English Deutsch Français Italiano Español Português 繁體中文 Bahasa Indonesia Tiếng Việt ภาษาไทย
All categories

I am a 25 year old and a new father and soon to be husband. Me and my fiance met about a year ago and she just gave birth to our daughter. We are not getting married because we have a child but because we love each other. It just so happens that I am in the military and I will be getting out soon. I am orrigionally from Pennsylvania. She is 19 and just graduated high school ayear ago. I live in a state (Arkansas) where good paying, skilled jobsare very scarce. The majority of jobs in the area are low paying factory/warehouse jobs. I am forced to look out of state for decent paying jobs. My wife to be grew up in a small town and has lived a very sheltered life. She says that shes willing to move away with me if we have to. Her parents never said it was a bad idea but I can tell that they are not to crazy about the idea of me taking a job out of state. What should I do?

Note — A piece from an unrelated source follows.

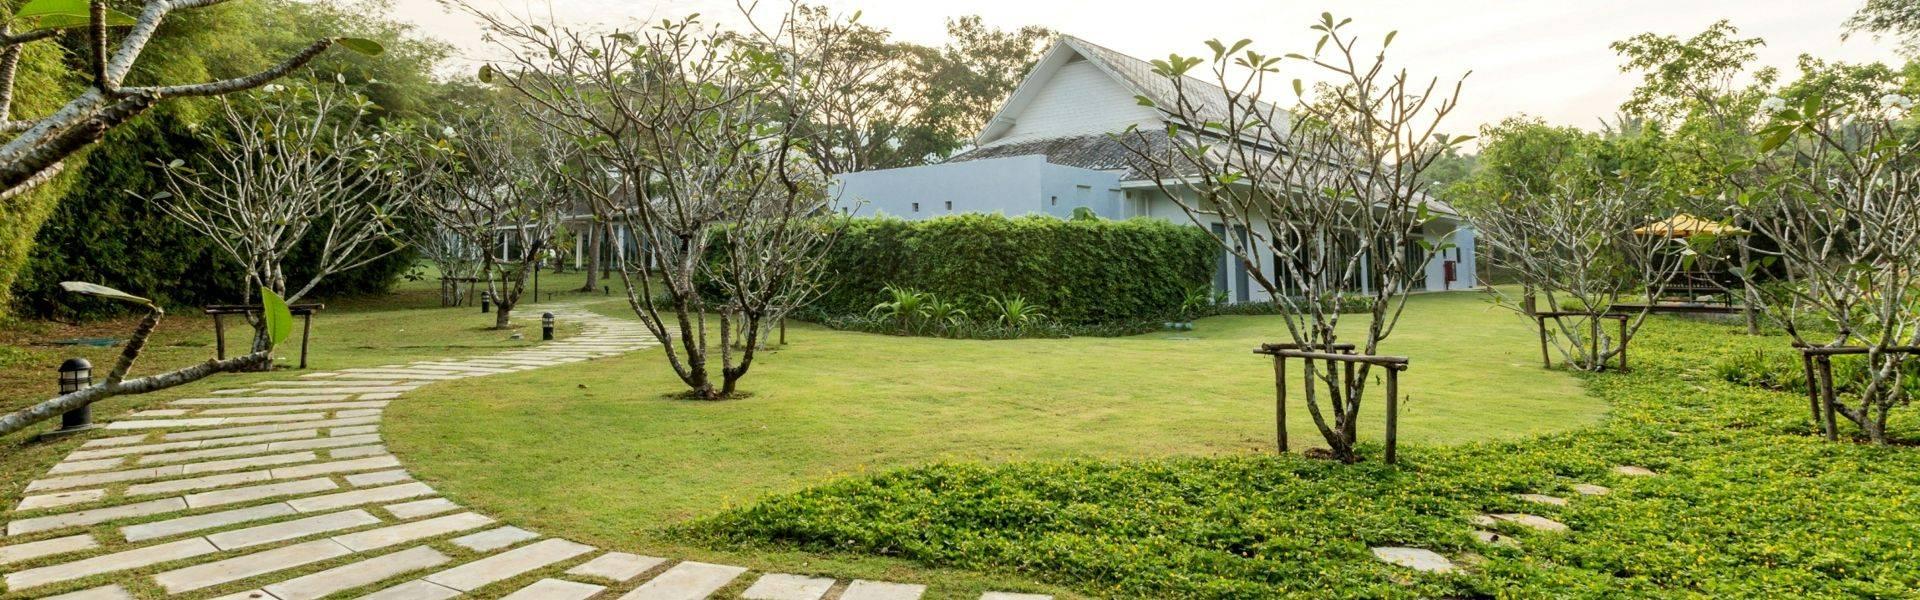 Thanyapura Garden Wing Grounds

2007-06-01 05:25:04 · 10 answers · asked by Anonymous in Family & Relationships Marriage & Divorce

10 answers

Do what is best for you and your family. Of course her parents will miss her, and it will be hard on her as well, but once you get settled and make some friends, everything should be ok.

2007-06-01 05:29:34 · answer #1 · answered by AsianPersuasion :) 7 · 1 0

I would just suggest that you be very carefull. On one hand you have to make choices that will allow you and your wife to financially survive alone, but the hardships of being a very young mother raising her first child so far away from the help of her familly can be quite a strain. I recently moved away from my family for my husbands job and it was almost to dificult to bear. However, my husband was not supportive and helpfull with our children. So, if moving is what you have to do; then you need to make sure that you give your wife breaks from the children, take her out, and really do your part at home as well as at work. 19 years old is still very young I am sure that she doesn't even realize how much her familly means to her just yet, but she will soon.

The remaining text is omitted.